[Input data — start]
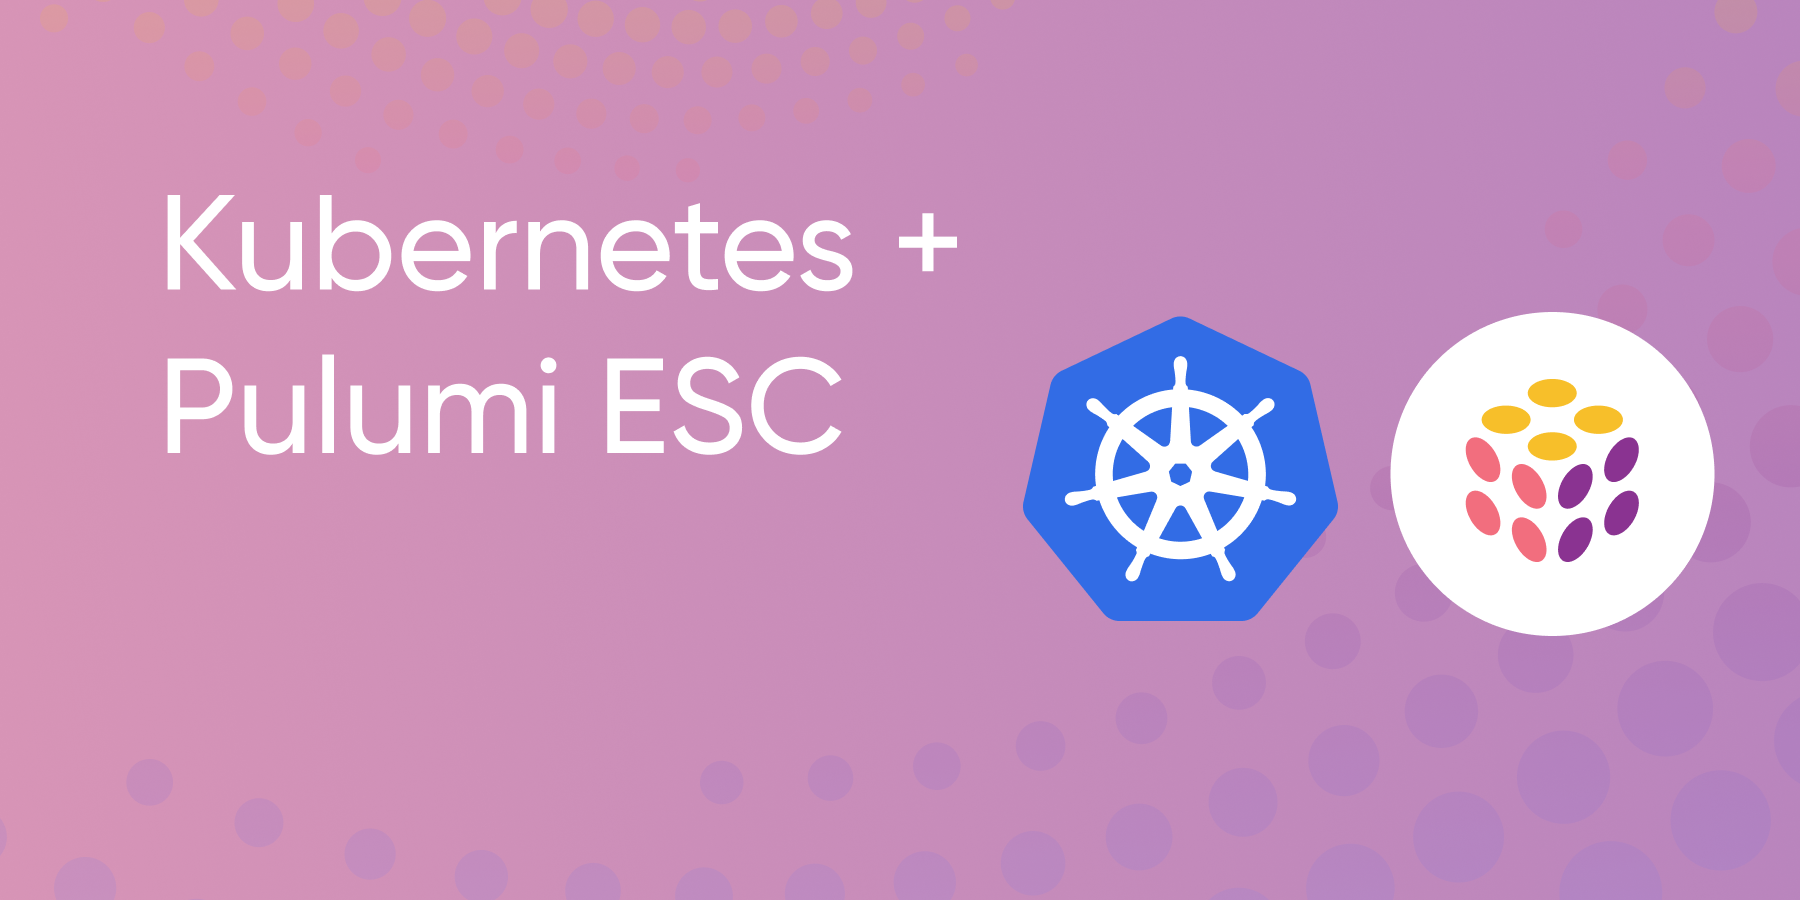 Secure your Kubernetes toolchain with Pulumi ESC and OIDC
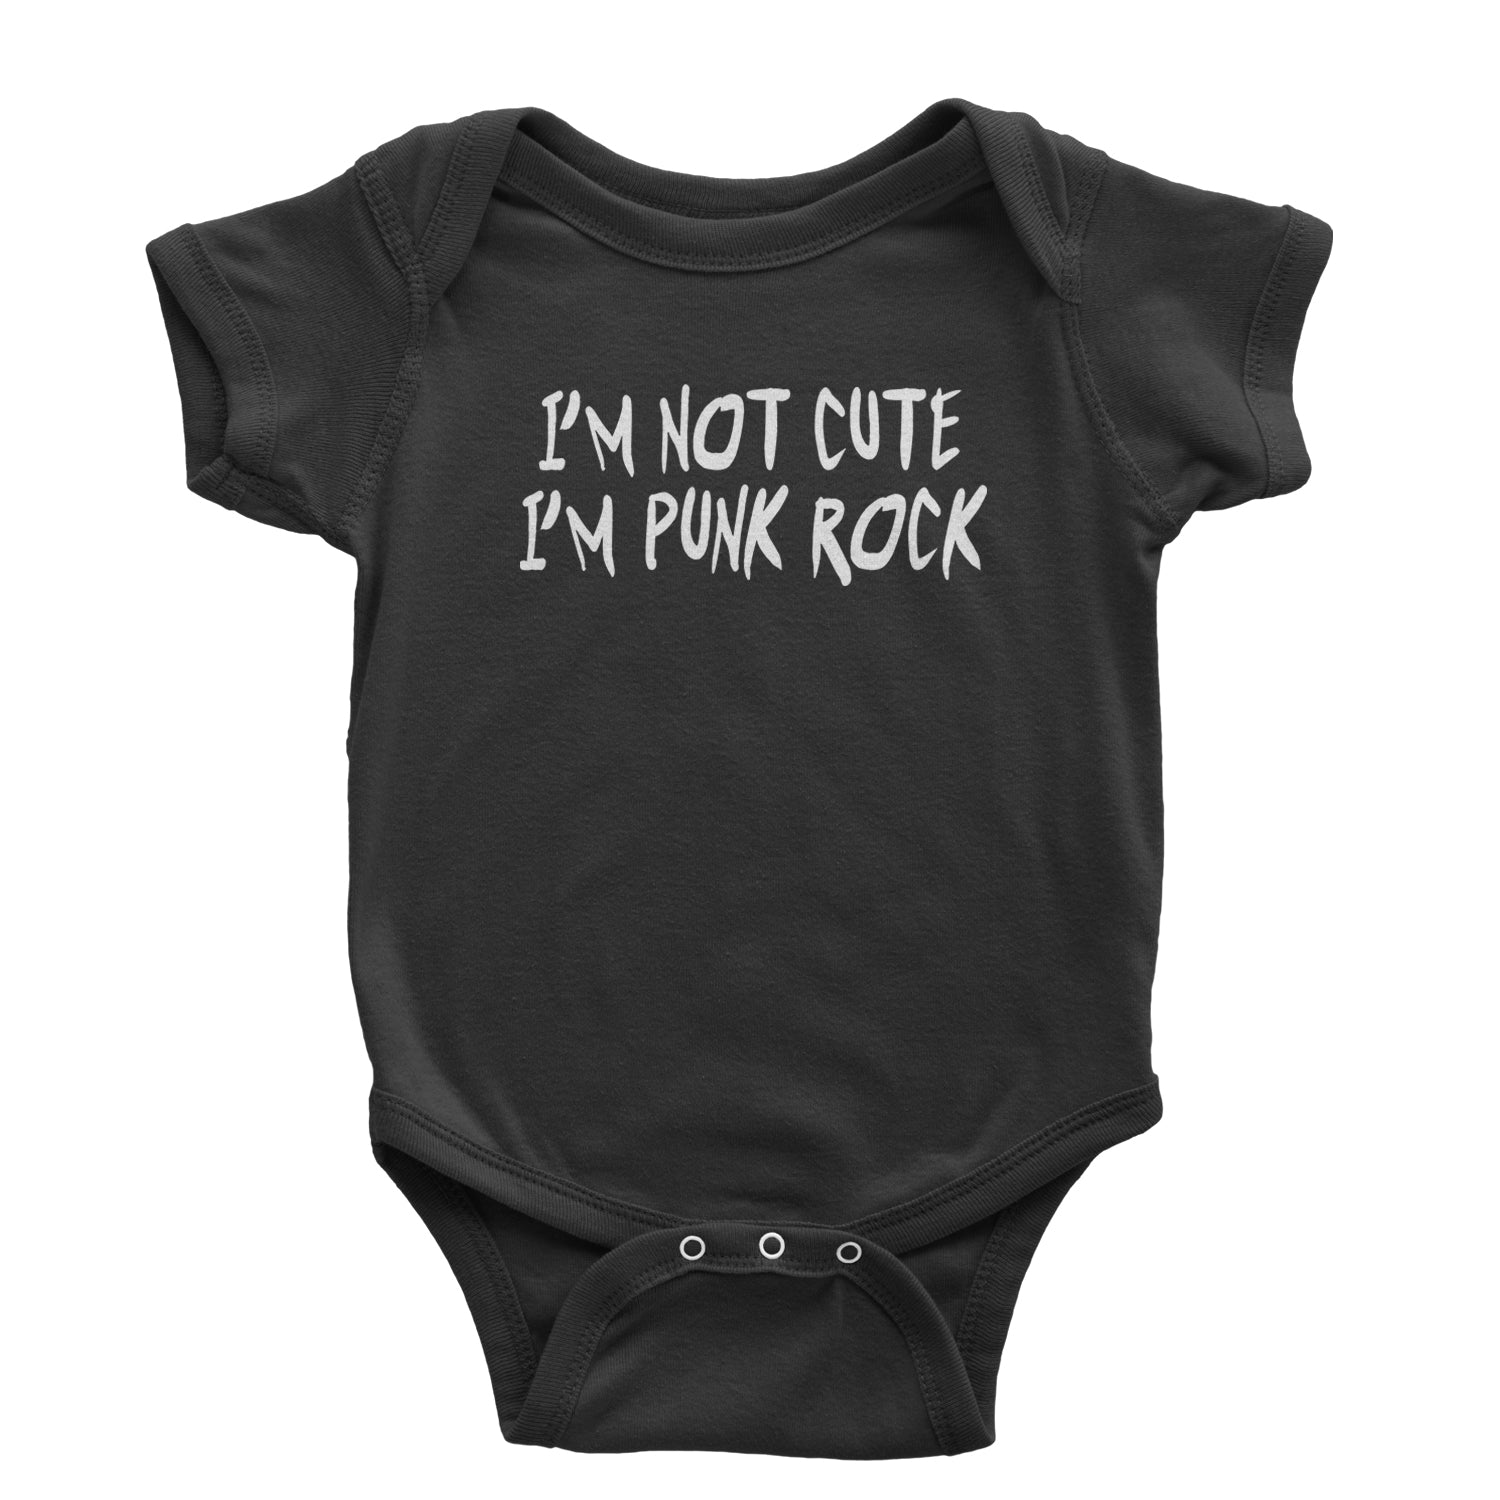 I'm Not Cute, I'm Punk Rock Infant One-Piece Romper Bodysuit and Toddler T-shirt
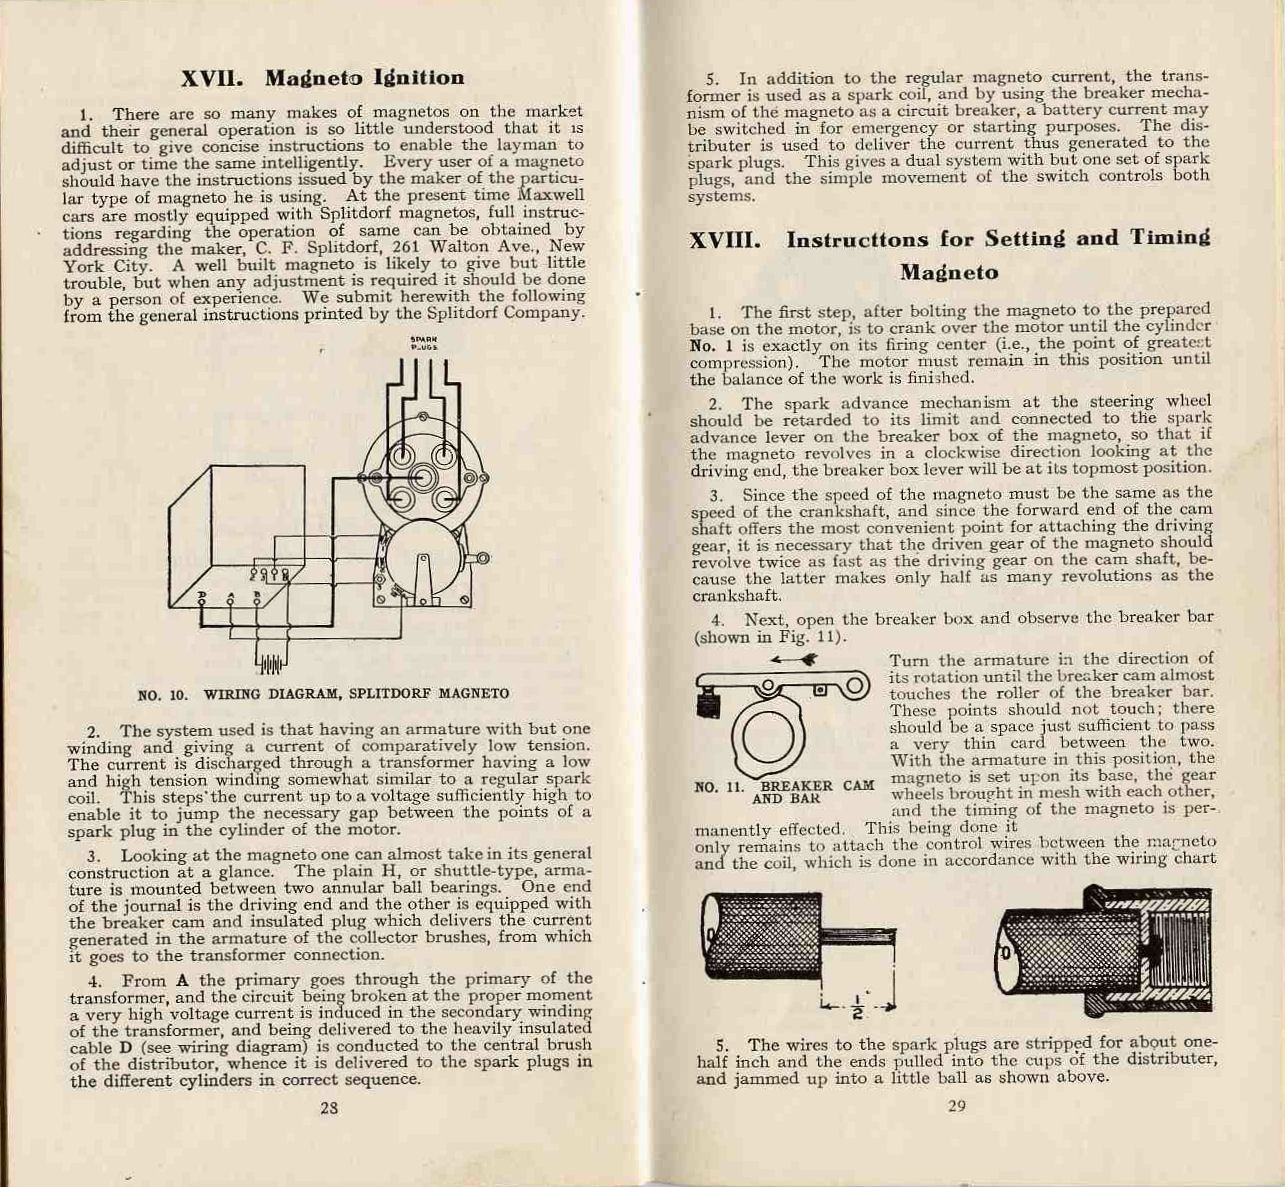 1909_Maxwell_Instructions-28-29
[Input data — finish]
**What you should do**
Reproduce the data verbatim. Do not carry any picture into the copy.

**Task result**
 Secure your Kubernetes toolchain with Pulumi ESC and OIDC
 I'm Not Cute, I'm Punk Rock Infant One-Piece Romper Bodysuit and Toddler T-shirt
 1909_Maxwell_Instructions-28-29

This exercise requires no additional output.